* _Collected data_
- - - -
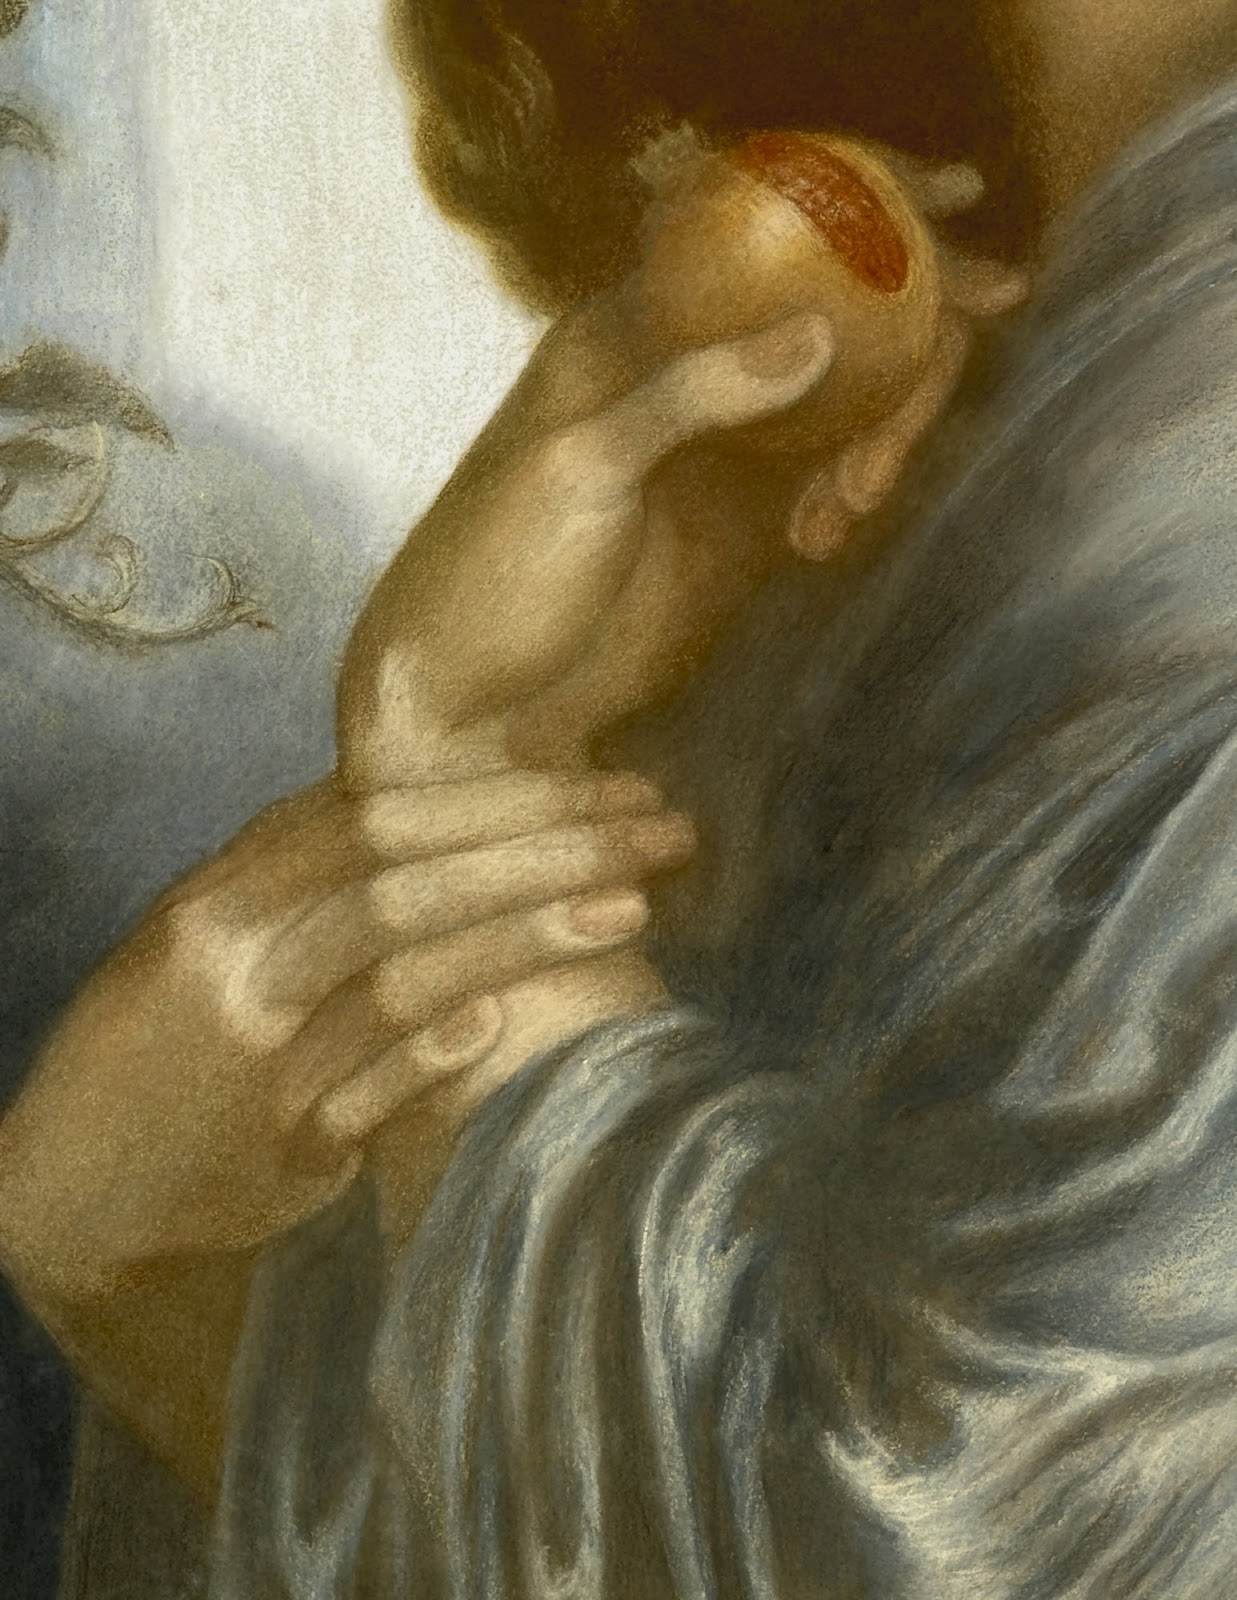 Dante+Gabriel+Rossetti-1828-1882 (134).jpg
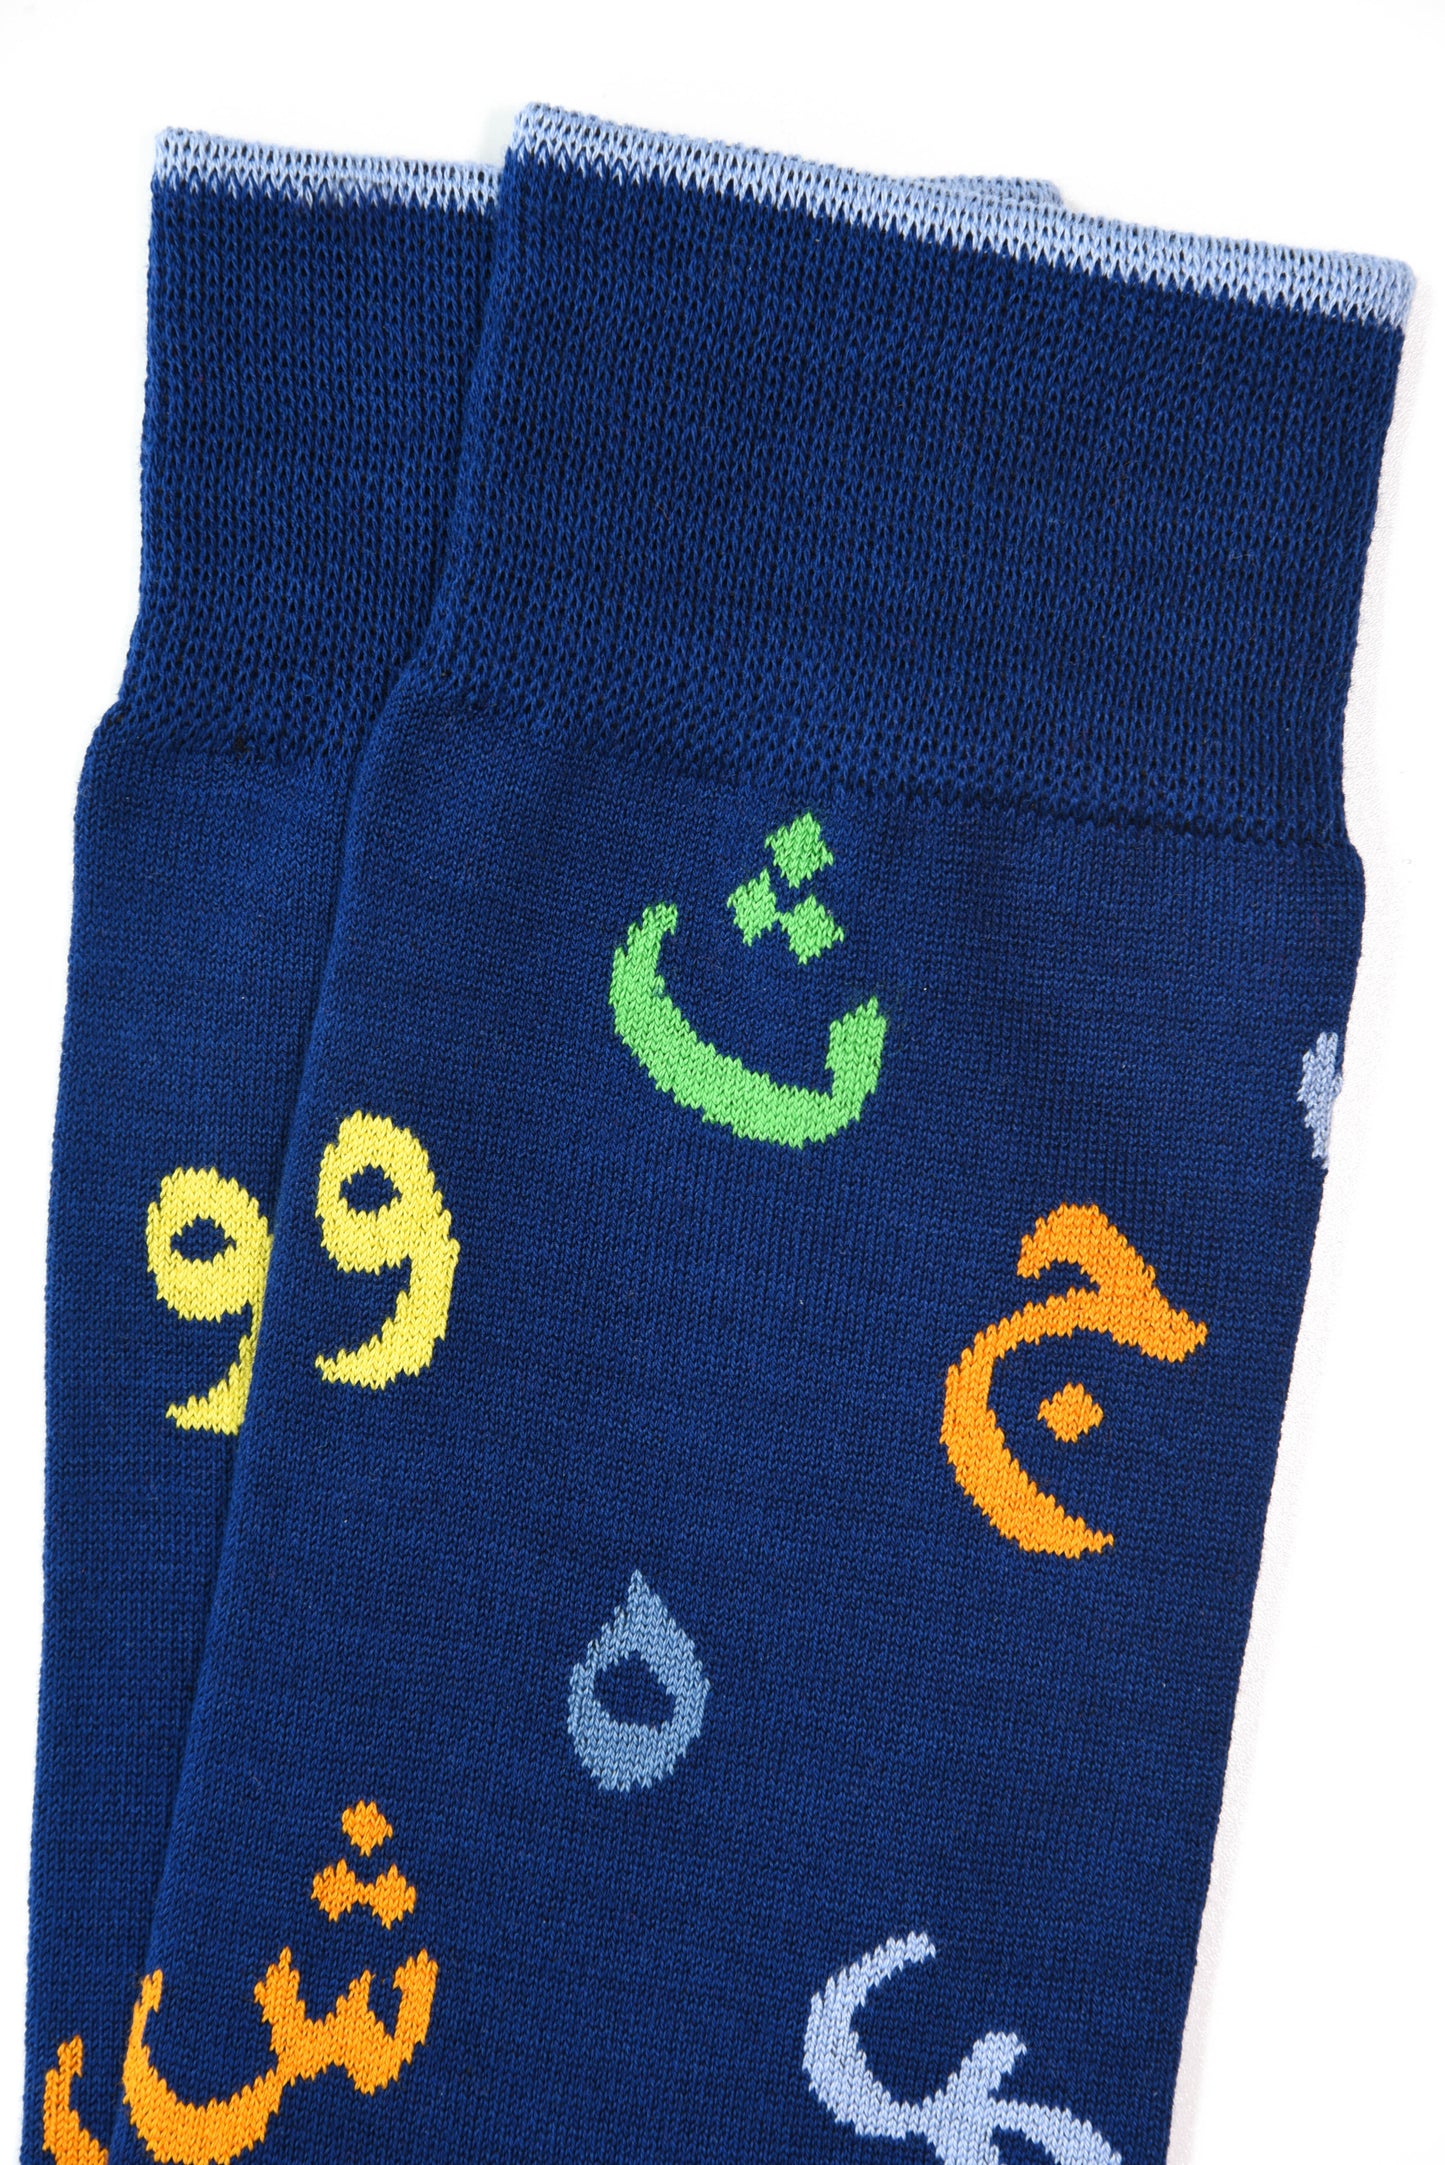 Alphabets Mercerized Mid-Calf Socks
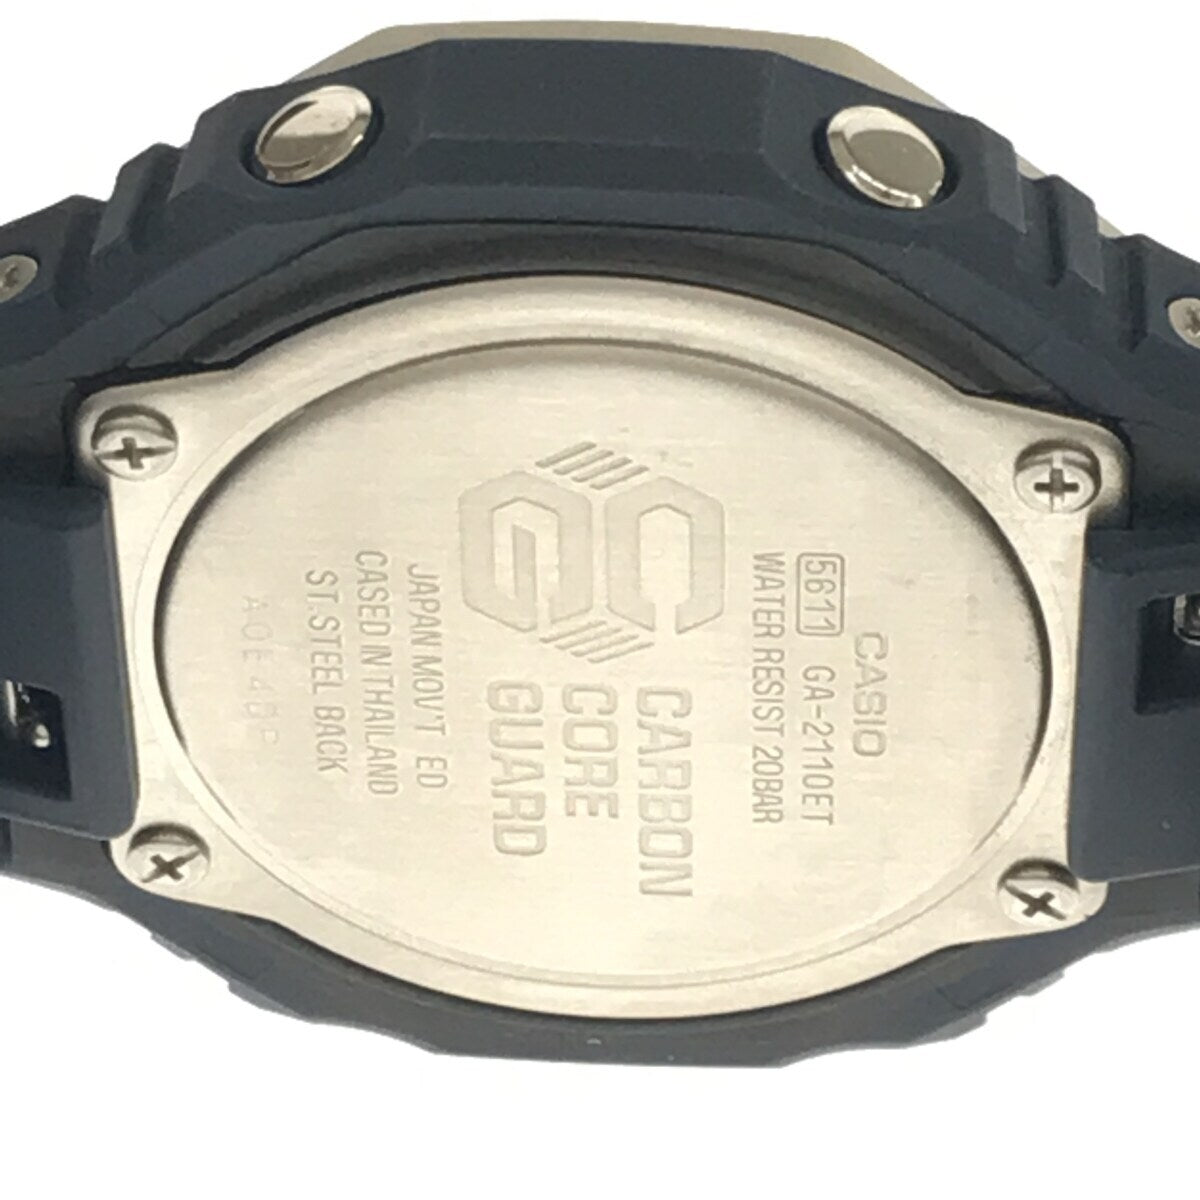 Gシュック カシオークGA-2110ET-2AJF - 腕時計(アナログ)
- - - -
* _Task to complete_
The listing above is to be retyped exactly, with all pictures left out.

* _Solution to the problem_
 Dante+Gabriel+Rossetti-1828-1882 (134).jpg
 Alphabets Mercerized Mid-Calf Socks
 Gシュック カシオークGA-2110ET-2AJF - 腕時計(アナログ)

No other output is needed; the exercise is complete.